To assess the effect of cleft size on shoulder function in patients with a hypoechoic cleft at 6 months after rotator cuff repair surgery, the group was divided according to ultrasonography-measured hypoechoic cleft size at 6-month follow-up post rotator cuff repair surgery. The frequency distribution of retear rate and cleft size of the entire cohort showed fewer retears with cleft size smaller than 36 mm2 in contrast to cleft size larger than 36 mm2. Patients were allocated to the “small cleft” group if their hypoechoic cleft size was <36 mm2 (n = 18) or to the “large cleft” group if their hypoechoic cleft size was ≥36 mm2 (n = 7).

Cohort demographics

The mean hypoechoic cleft size was 18 ± 2.6 mm2 (range 3-35 mm2) in the small-cleft group, and 66 ± 11.7 mm2 (range 36-110 mm2) in the large-cleft group.
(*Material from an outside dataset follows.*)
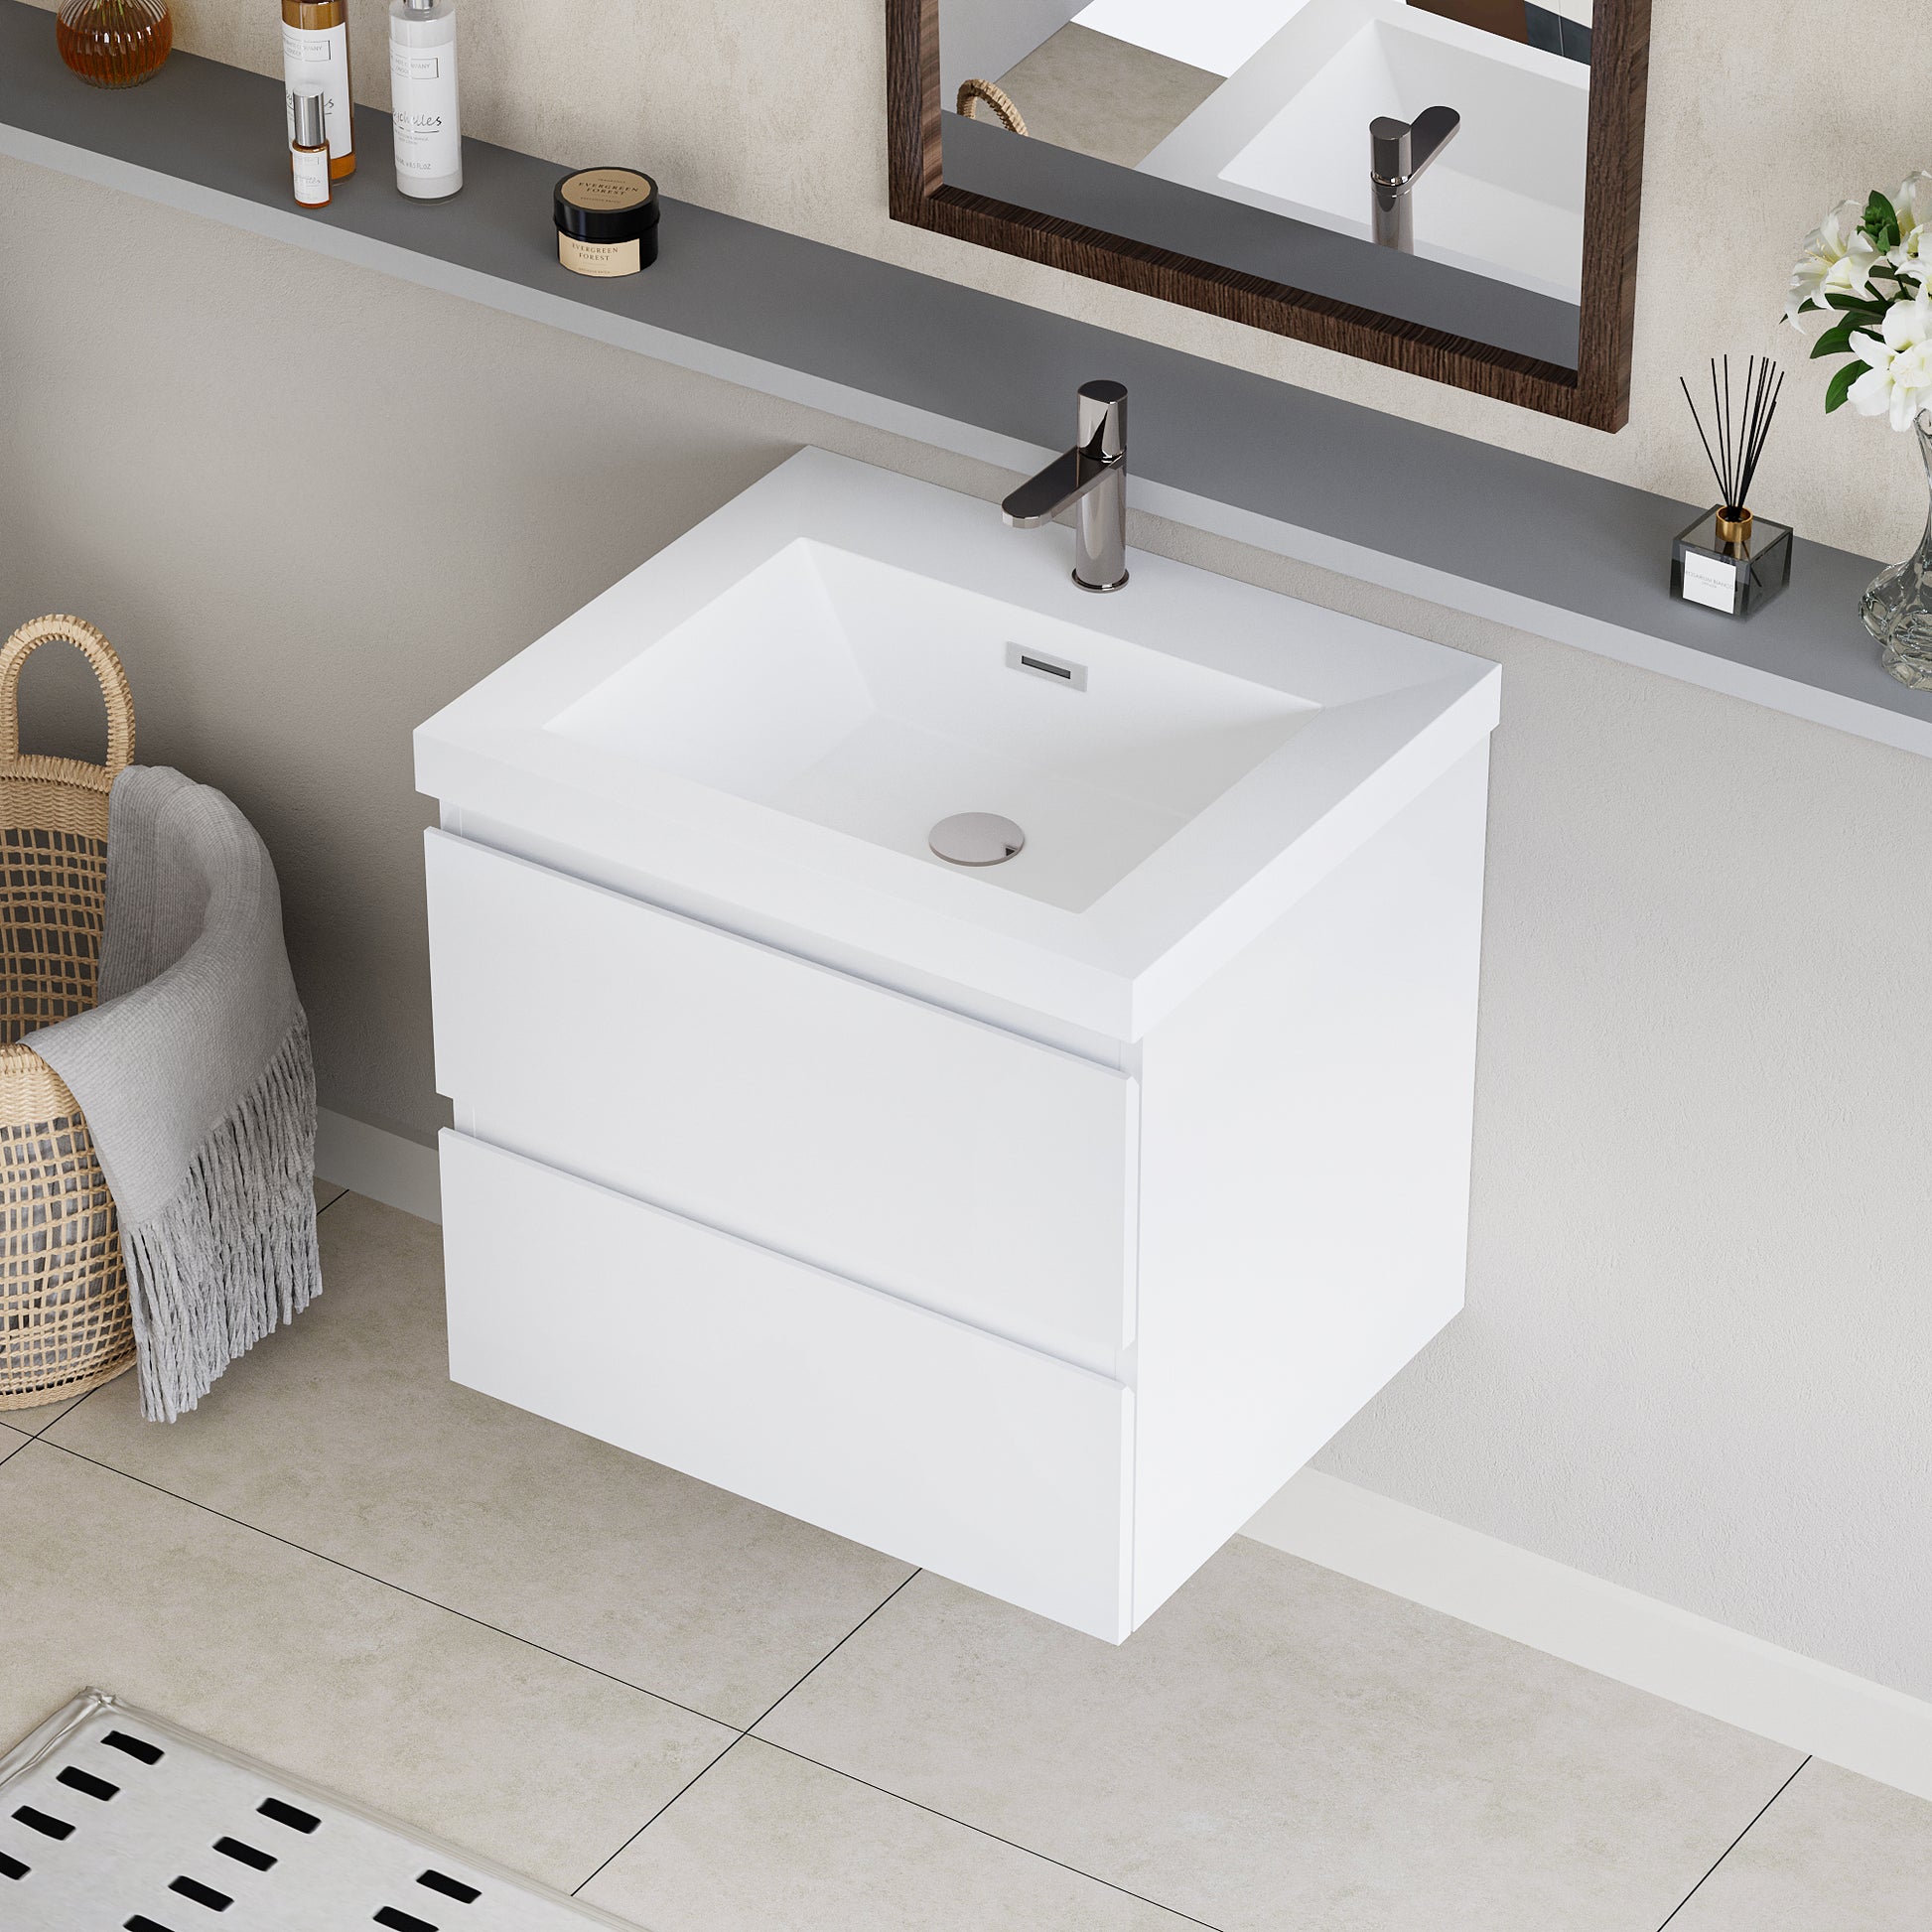 24" Floating Bathroom Vanity with Sink, Modern Wall white-mdf

There were no statistically significant differences between the demographic characteristics of patients of the small-cleft group and the large-cleft group in the subgroup analysis (P > .05), for example, age, sex, preoperative tear size, operative factors, etc.

Retear rate

At an average of 21 months' follow-up, the small-cleft group had significantly fewer retears, 2 retears (11%, 2 of 18) compared to the large-cleft group, 4 retears (57%, 4 of 7) (P = .032) (Table II, Fig. 2). Retear was 5 times more likely to occur in the large cleft group than in the small cleft group (relative risk = 5.1).

Table II.

Retear rate: small cleft vs. large cleft

Intact Retear Total
Small cleft (<36 mm2) 16 2 18
Large cleft (≥36 mm2) 3 4 7
Total 19 6 25

Figure 2.

Figure 2

Intact and retear rates: comparison between the small- and large-cleft groups. *P < .05 using chi-squared analysis.

Patient-ranked pain scores

At the 6-month follow-up after their initial surgery, both groups had significantly decreased pain frequency during sleep compared to before surgery. The 2 groups had similar pain frequency during sleep at the 6-month follow-up. The small-cleft group continued to improve between the 6- and 21-month follow-ups, whereas there was no improvement in pain frequency during sleep at 6 and 21 months for the large-cleft group. At the 21-month follow-up, patients in the small-cleft group had significantly less frequent shoulder pain during sleep than the large-cleft group (Table III, Fig. 3).

Table III.

Patient-ranked pain scores

Outcome Small cleft Large cleft Small vs. large P value
Pain frequency
 Activity
 6 mo 2.2 2.7 NS .39
 21 mo 1.5 2.9 0.05 .05
 Sleep
 6 mo 1.7 2.1 NS .56
 21 mo 1.2 2.6 0.05 .05
 Extreme
 6 mo 0.5 1.7 NS .12
 21 mo 1 2.2 NS .14
Pain severity
 At rest
 6 mo 1.1 1 NS .93
 21 mo 0.8 1.5 NS .33
 Overhead
 6 mo 1.7 1.6 NS .81
 21 mo 1.3 2.4 NS .09
 When sleeping
 6 mo 1.2 1.4 NS .69
 21 mo 1.1 2 NS .21
Shoulder stiffness
 6 mo 1.2 1.9 NS .3
 21 mo 1 1.4 NS .51
Level of difficulty§
 With reaching behind the back
 6 mo 1.8 1.4 NS .51
 21 mo 1.4 2.1 NS .21
 With overhead activities
 6 mo 1.7 1.7 NS .94
 21 mo 1.4 2.1 NS .21
Overall shoulder satisfaction
 6 mo 2.9 2.4 NS .4
 21 mo 3 1.9 0.05 .05

NS, not significant.

Pain frequency: 0 = never, 1 = monthly, 2 = weekly, 3 = daily, 4 = always.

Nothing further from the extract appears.